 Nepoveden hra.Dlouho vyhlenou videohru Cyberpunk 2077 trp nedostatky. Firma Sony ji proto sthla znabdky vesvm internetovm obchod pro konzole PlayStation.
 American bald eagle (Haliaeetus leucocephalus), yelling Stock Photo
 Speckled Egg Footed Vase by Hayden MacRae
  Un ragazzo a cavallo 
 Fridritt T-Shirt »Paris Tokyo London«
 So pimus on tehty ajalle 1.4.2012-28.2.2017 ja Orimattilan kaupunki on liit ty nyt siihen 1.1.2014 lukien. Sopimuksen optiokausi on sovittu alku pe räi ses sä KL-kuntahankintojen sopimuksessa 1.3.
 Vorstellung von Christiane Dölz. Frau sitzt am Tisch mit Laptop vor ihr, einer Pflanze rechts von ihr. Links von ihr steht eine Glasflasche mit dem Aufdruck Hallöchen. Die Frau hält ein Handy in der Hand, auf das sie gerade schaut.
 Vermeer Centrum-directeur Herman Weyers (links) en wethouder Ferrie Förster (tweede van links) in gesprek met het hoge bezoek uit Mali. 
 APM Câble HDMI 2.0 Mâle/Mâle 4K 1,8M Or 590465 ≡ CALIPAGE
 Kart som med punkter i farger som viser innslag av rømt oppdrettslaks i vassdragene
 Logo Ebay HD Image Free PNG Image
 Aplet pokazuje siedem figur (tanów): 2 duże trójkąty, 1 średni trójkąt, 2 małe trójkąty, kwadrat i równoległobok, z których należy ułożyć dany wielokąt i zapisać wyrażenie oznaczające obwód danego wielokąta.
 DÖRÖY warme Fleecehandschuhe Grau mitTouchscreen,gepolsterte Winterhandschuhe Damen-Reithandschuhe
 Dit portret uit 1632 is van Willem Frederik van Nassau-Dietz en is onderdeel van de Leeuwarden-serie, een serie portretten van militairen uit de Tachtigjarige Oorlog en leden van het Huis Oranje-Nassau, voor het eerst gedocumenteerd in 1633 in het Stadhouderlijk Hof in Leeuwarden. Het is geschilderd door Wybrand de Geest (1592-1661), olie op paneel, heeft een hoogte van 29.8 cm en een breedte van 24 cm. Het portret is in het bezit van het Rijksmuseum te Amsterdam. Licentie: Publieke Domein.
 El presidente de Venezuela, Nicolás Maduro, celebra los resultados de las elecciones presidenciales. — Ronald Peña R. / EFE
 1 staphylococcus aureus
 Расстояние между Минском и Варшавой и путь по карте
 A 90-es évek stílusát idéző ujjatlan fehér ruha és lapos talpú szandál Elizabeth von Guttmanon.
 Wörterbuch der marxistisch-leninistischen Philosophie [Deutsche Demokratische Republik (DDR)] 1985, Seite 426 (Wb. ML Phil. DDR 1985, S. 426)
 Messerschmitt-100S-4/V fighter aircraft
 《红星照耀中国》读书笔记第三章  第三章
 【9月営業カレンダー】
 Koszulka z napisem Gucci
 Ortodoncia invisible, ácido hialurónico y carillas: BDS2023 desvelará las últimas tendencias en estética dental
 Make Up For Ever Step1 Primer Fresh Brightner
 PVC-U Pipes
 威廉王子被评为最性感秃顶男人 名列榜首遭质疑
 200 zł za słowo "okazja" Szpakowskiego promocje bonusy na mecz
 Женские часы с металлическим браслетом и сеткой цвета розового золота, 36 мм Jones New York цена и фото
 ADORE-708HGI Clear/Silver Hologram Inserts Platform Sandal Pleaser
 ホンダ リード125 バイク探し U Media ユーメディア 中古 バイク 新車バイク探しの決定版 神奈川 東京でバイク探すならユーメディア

=====

(EXERCISE) Give back the listing above exactly as written.

(SOLUTION TO THIS PROBLEM)
 Nepoveden hra.Dlouho vyhlenou videohru Cyberpunk 2077 trp nedostatky. Firma Sony ji proto sthla znabdky vesvm internetovm obchod pro konzole PlayStation.
 American bald eagle (Haliaeetus leucocephalus), yelling Stock Photo
 Speckled Egg Footed Vase by Hayden MacRae
  Un ragazzo a cavallo 
 Fridritt T-Shirt »Paris Tokyo London«
 So pimus on tehty ajalle 1.4.2012-28.2.2017 ja Orimattilan kaupunki on liit ty nyt siihen 1.1.2014 lukien. Sopimuksen optiokausi on sovittu alku pe räi ses sä KL-kuntahankintojen sopimuksessa 1.3.
 Vorstellung von Christiane Dölz. Frau sitzt am Tisch mit Laptop vor ihr, einer Pflanze rechts von ihr. Links von ihr steht eine Glasflasche mit dem Aufdruck Hallöchen. Die Frau hält ein Handy in der Hand, auf das sie gerade schaut.
 Vermeer Centrum-directeur Herman Weyers (links) en wethouder Ferrie Förster (tweede van links) in gesprek met het hoge bezoek uit Mali. 
 APM Câble HDMI 2.0 Mâle/Mâle 4K 1,8M Or 590465 ≡ CALIPAGE
 Kart som med punkter i farger som viser innslag av rømt oppdrettslaks i vassdragene
 Logo Ebay HD Image Free PNG Image
 Aplet pokazuje siedem figur (tanów): 2 duże trójkąty, 1 średni trójkąt, 2 małe trójkąty, kwadrat i równoległobok, z których należy ułożyć dany wielokąt i zapisać wyrażenie oznaczające obwód danego wielokąta.
 DÖRÖY warme Fleecehandschuhe Grau mitTouchscreen,gepolsterte Winterhandschuhe Damen-Reithandschuhe
 Dit portret uit 1632 is van Willem Frederik van Nassau-Dietz en is onderdeel van de Leeuwarden-serie, een serie portretten van militairen uit de Tachtigjarige Oorlog en leden van het Huis Oranje-Nassau, voor het eerst gedocumenteerd in 1633 in het Stadhouderlijk Hof in Leeuwarden. Het is geschilderd door Wybrand de Geest (1592-1661), olie op paneel, heeft een hoogte van 29.8 cm en een breedte van 24 cm. Het portret is in het bezit van het Rijksmuseum te Amsterdam. Licentie: Publieke Domein.
 El presidente de Venezuela, Nicolás Maduro, celebra los resultados de las elecciones presidenciales. — Ronald Peña R. / EFE
 1 staphylococcus aureus
 Расстояние между Минском и Варшавой и путь по карте
 A 90-es évek stílusát idéző ujjatlan fehér ruha és lapos talpú szandál Elizabeth von Guttmanon.
 Wörterbuch der marxistisch-leninistischen Philosophie [Deutsche Demokratische Republik (DDR)] 1985, Seite 426 (Wb. ML Phil. DDR 1985, S. 426)
 Messerschmitt-100S-4/V fighter aircraft
 《红星照耀中国》读书笔记第三章  第三章
 【9月営業カレンダー】
 Koszulka z napisem Gucci
 Ortodoncia invisible, ácido hialurónico y carillas: BDS2023 desvelará las últimas tendencias en estética dental
 Make Up For Ever Step1 Primer Fresh Brightner
 PVC-U Pipes
 威廉王子被评为最性感秃顶男人 名列榜首遭质疑
 200 zł za słowo "okazja" Szpakowskiego promocje bonusy na mecz
 Женские часы с металлическим браслетом и сеткой цвета розового золота, 36 мм Jones New York цена и фото
 ADORE-708HGI Clear/Silver Hologram Inserts Platform Sandal Pleaser
 ホンダ リード125 バイク探し U Media ユーメディア 中古 バイク 新車バイク探しの決定版 神奈川 東京でバイク探すならユーメディア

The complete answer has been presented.